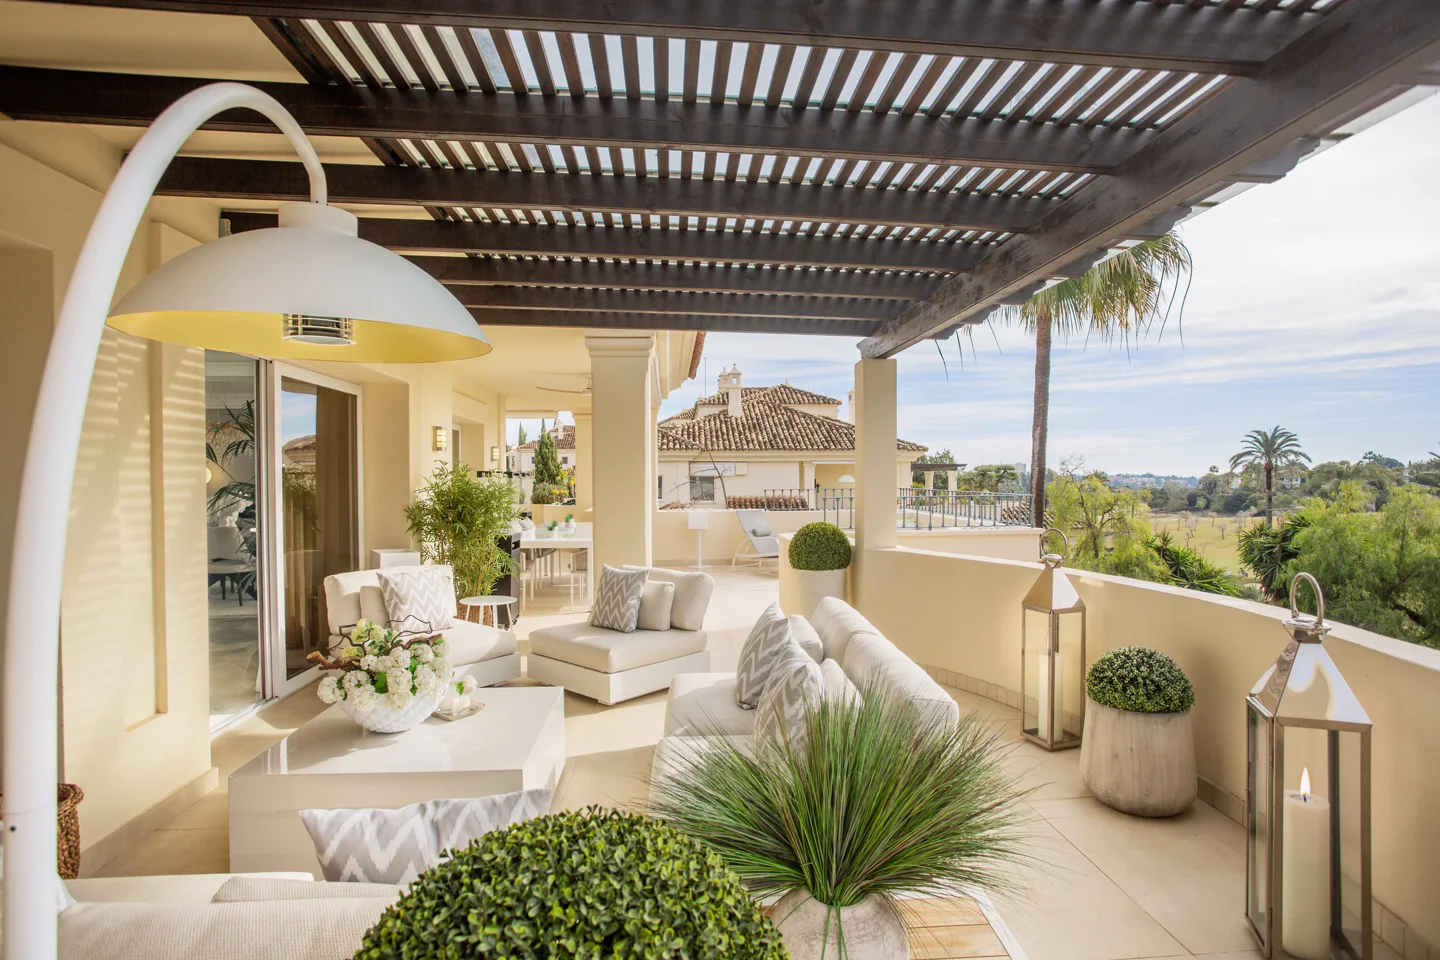 Nueva Andalucia: Stunning duplex penthouse with private pool overlooking the golf course
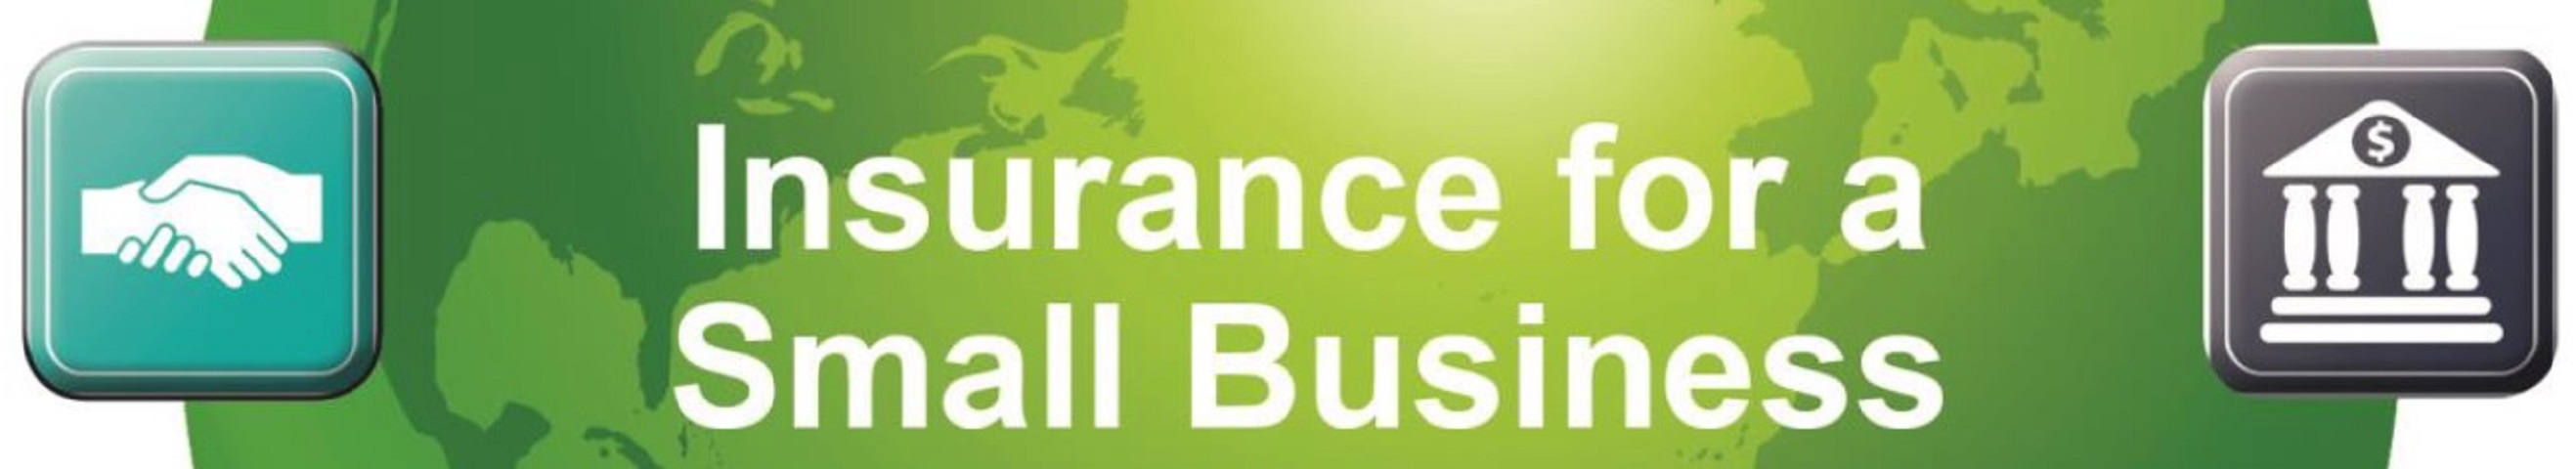 Insurance for a Small Business | Central California SBDC
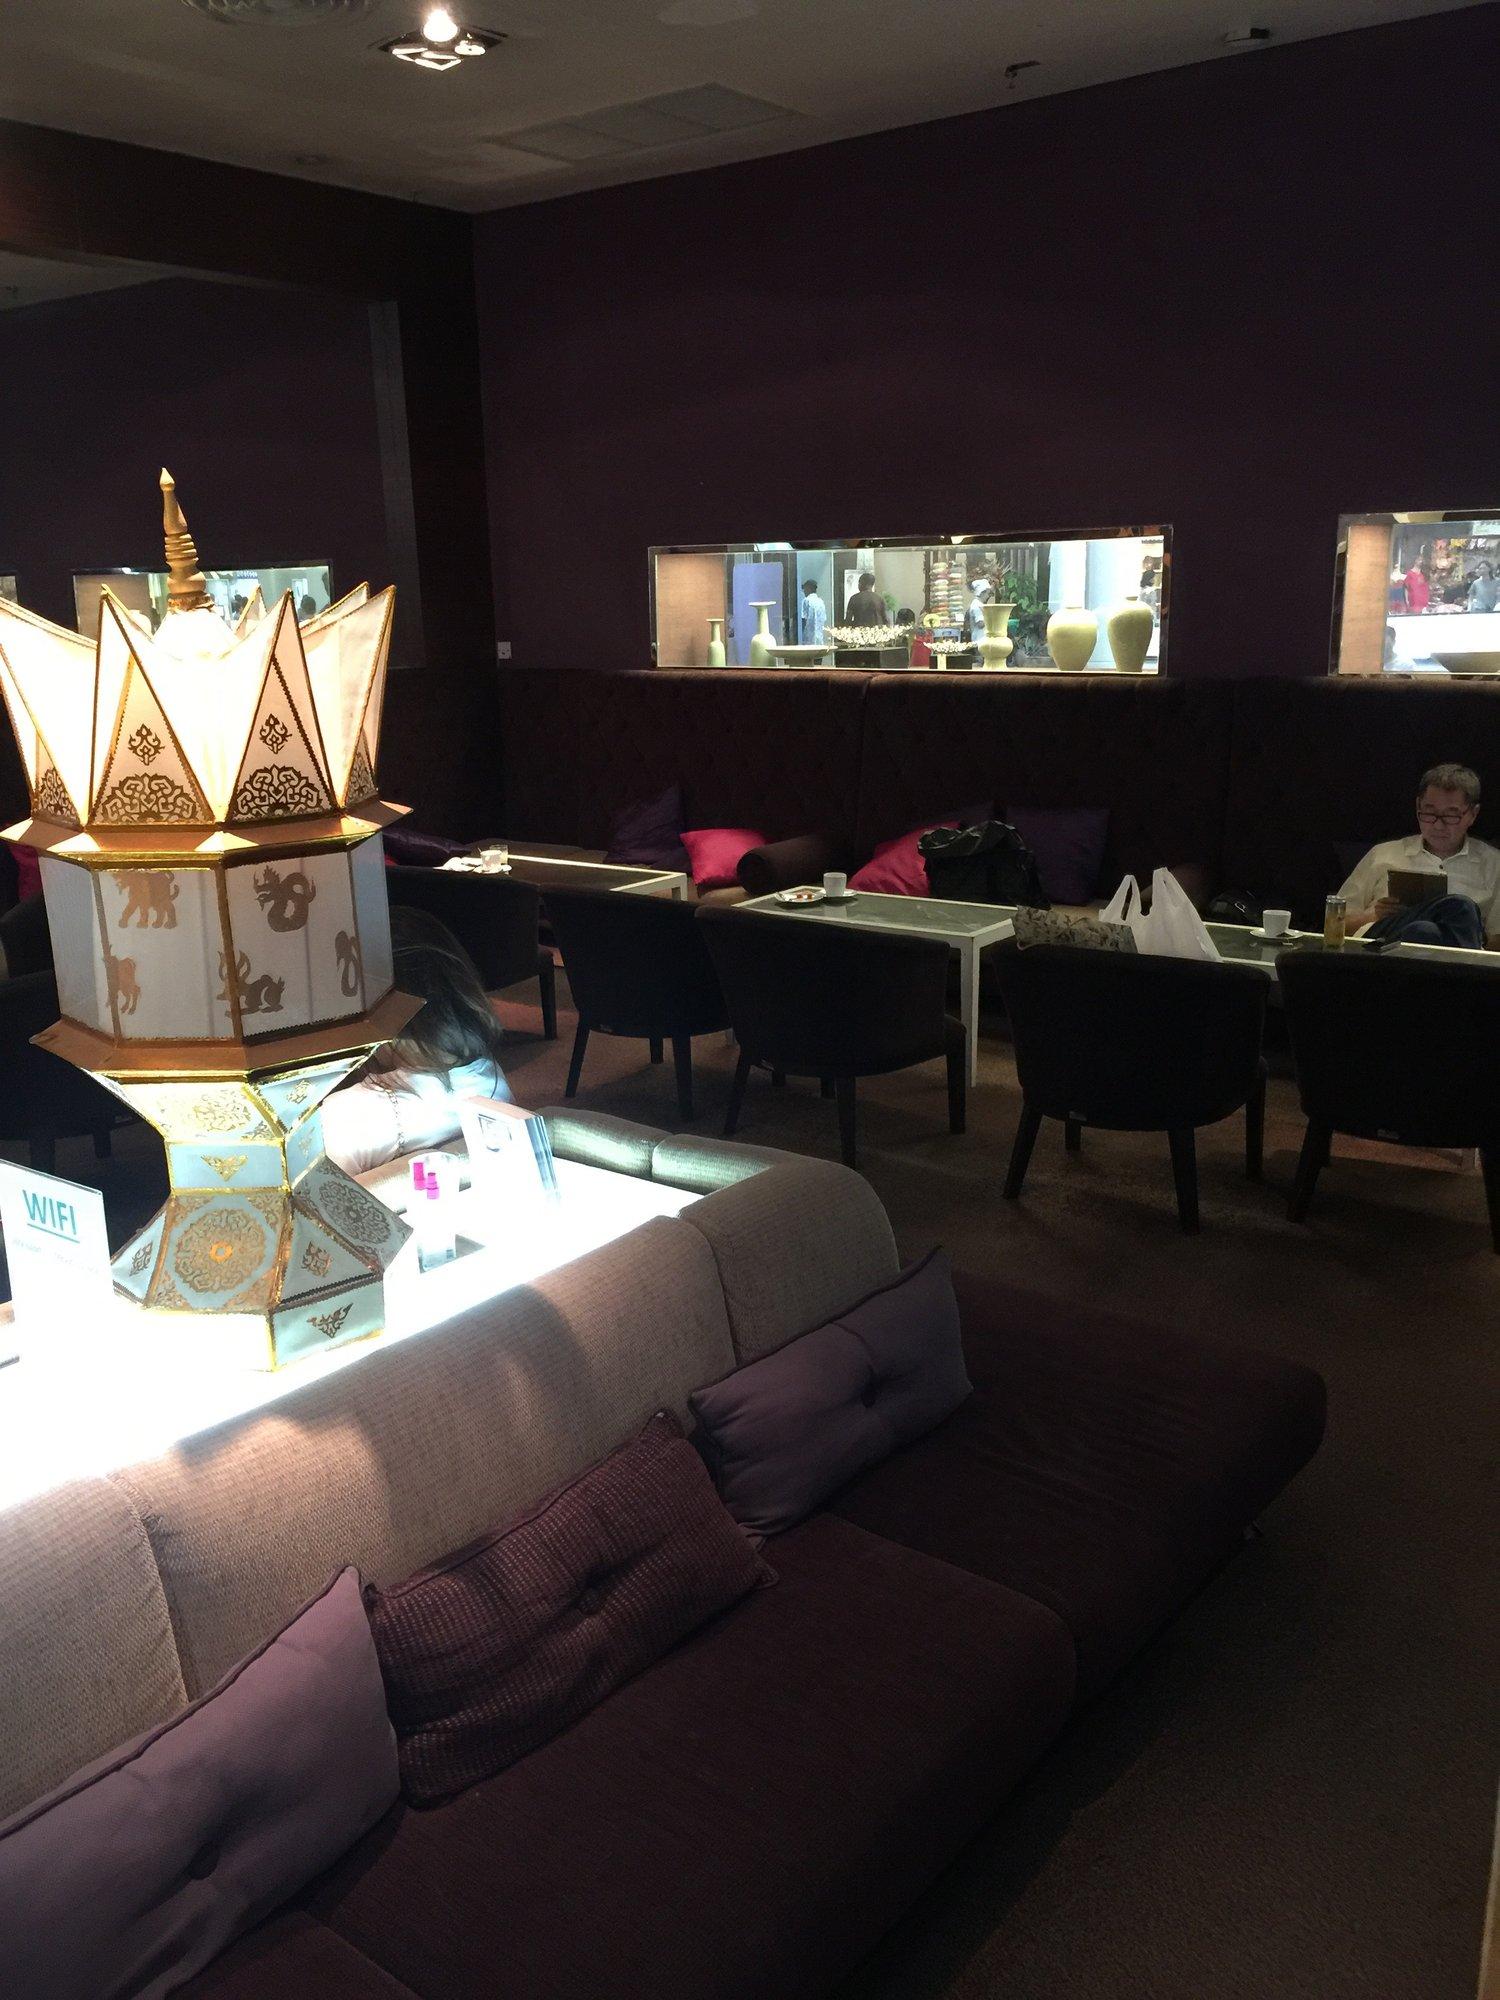 Thai Airways Royal Orchid Lounge image 20 of 22

----

- Description of the task: What is needed is an exact copy of every line from the one with "Insurance for a" to the end of the listing above, with the pictures left out.

- Written answer:
 Insurance for a Small Business | Central California SBDC
 Thai Airways Royal Orchid Lounge image 20 of 22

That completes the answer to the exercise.